» MATERIAL FOR THE TASK
****
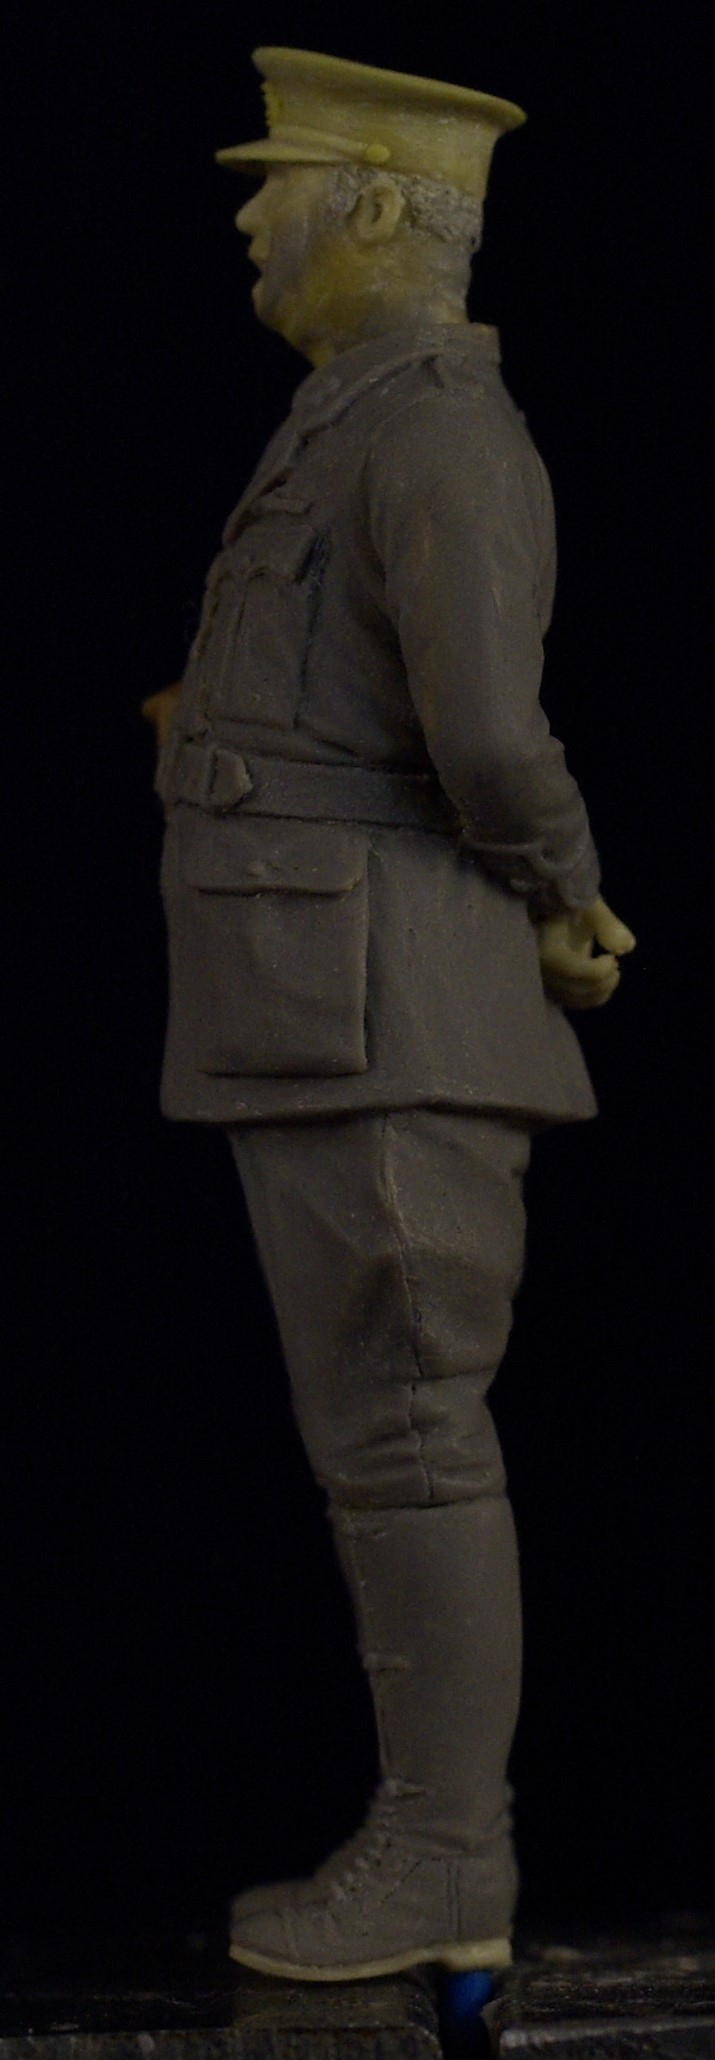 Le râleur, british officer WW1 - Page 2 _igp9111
****
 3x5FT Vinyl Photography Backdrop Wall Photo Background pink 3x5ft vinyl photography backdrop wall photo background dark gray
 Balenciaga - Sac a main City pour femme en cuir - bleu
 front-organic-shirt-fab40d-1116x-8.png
****
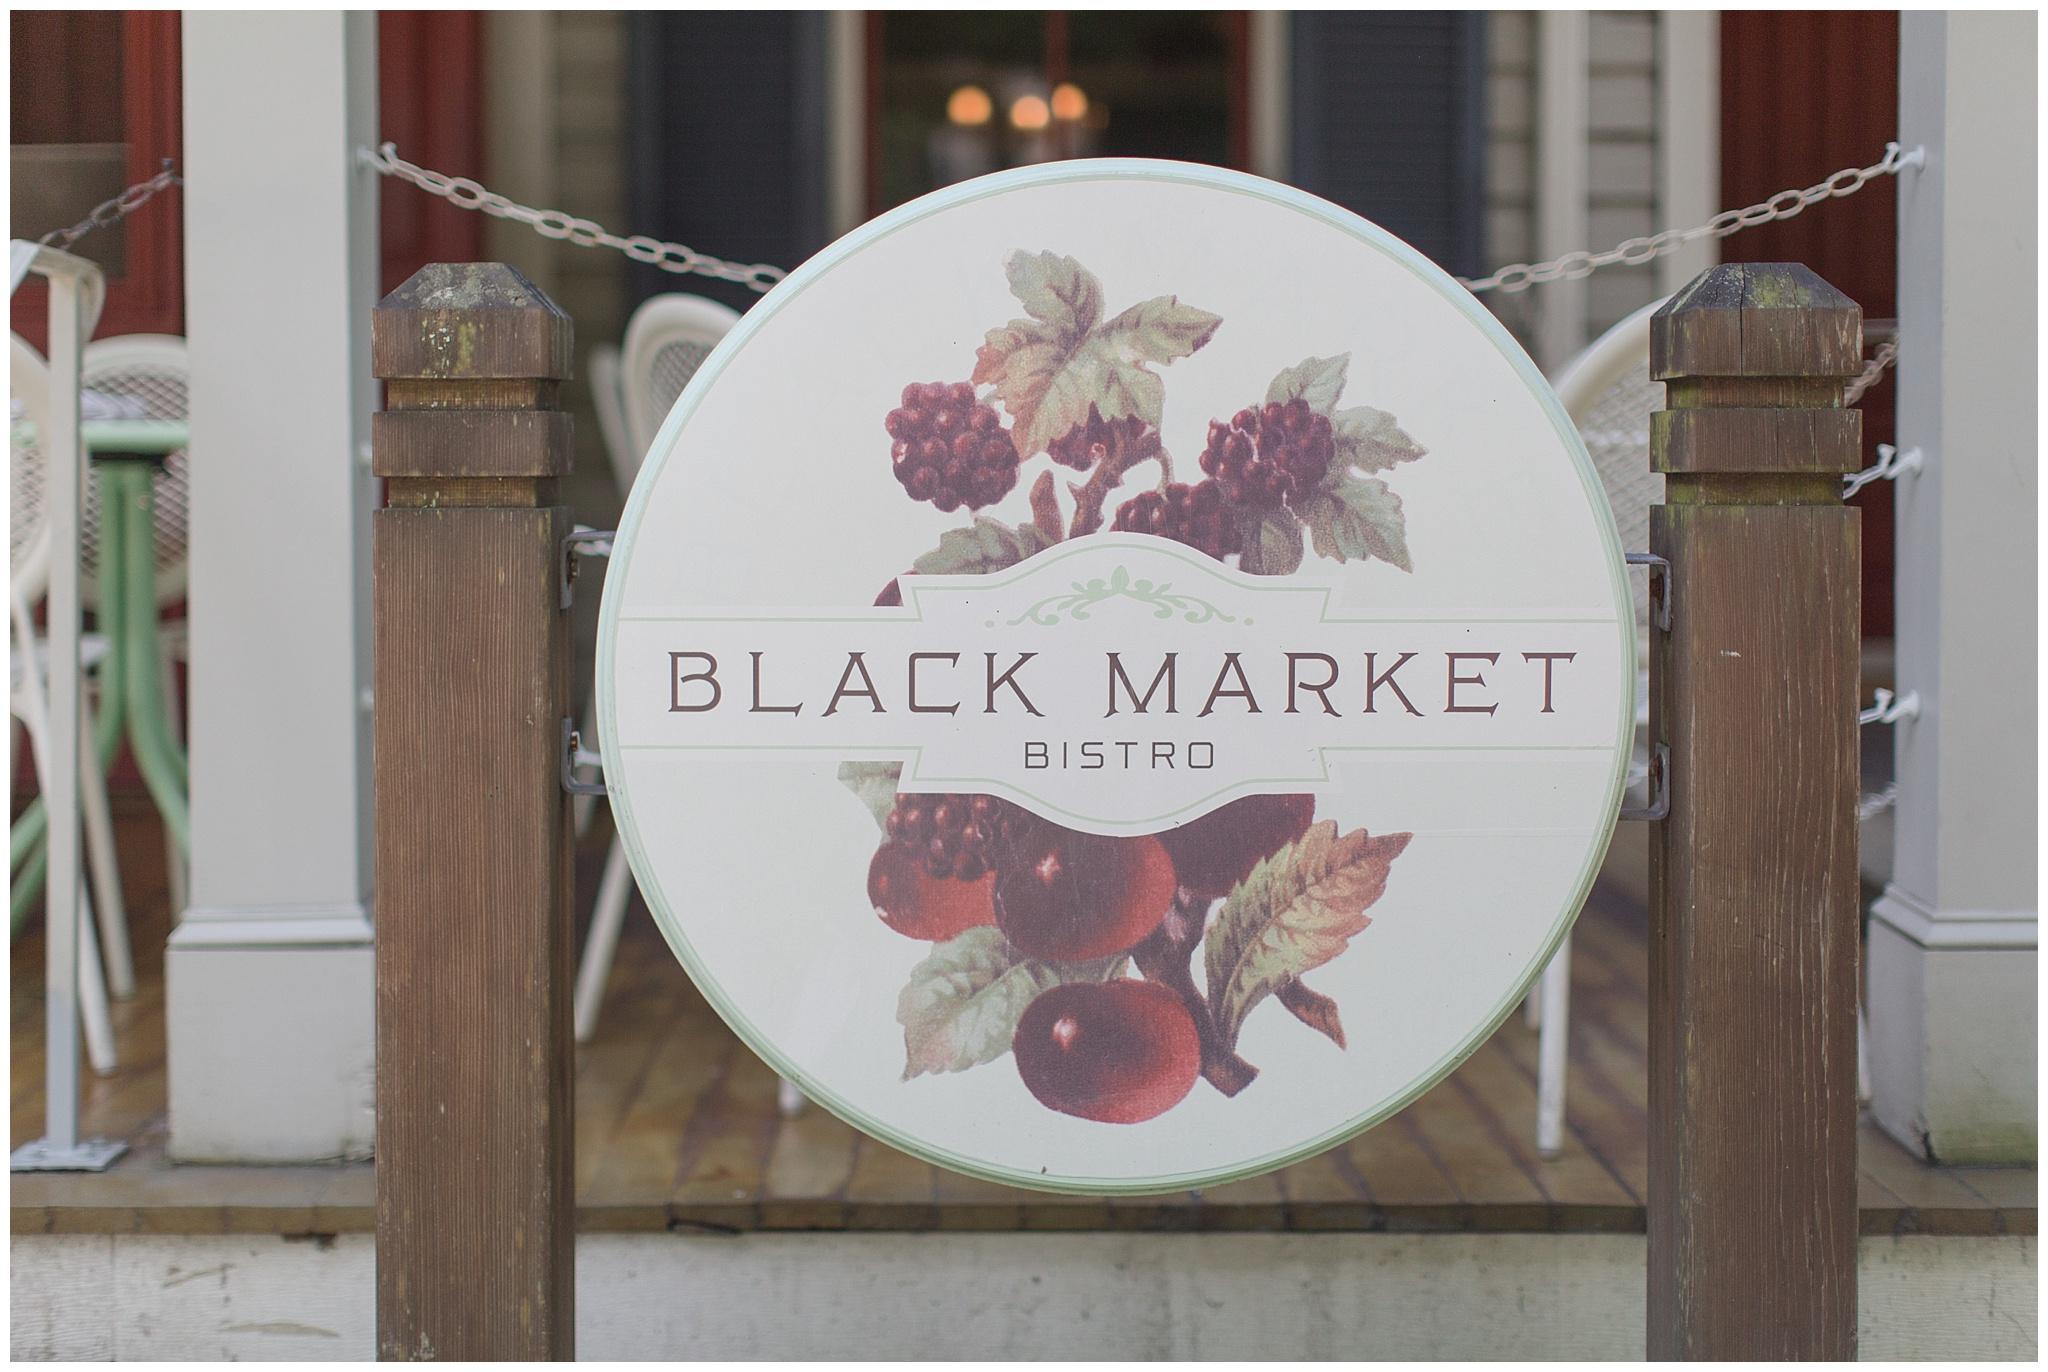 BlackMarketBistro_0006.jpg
****
» PROMPT
Please return only the lines above, starting at the line that has "3x5FT Vinyl Photography Backdrop Wall Photo Background pink" and ending at the line that has "front-organic-shirt-fab40d-1116x-8.png", keeping both and leaving each one unchanged.

» EXERCISE SOLUTION
 3x5FT Vinyl Photography Backdrop Wall Photo Background pink 3x5ft vinyl photography backdrop wall photo background dark gray
 Balenciaga - Sac a main City pour femme en cuir - bleu
 front-organic-shirt-fab40d-1116x-8.png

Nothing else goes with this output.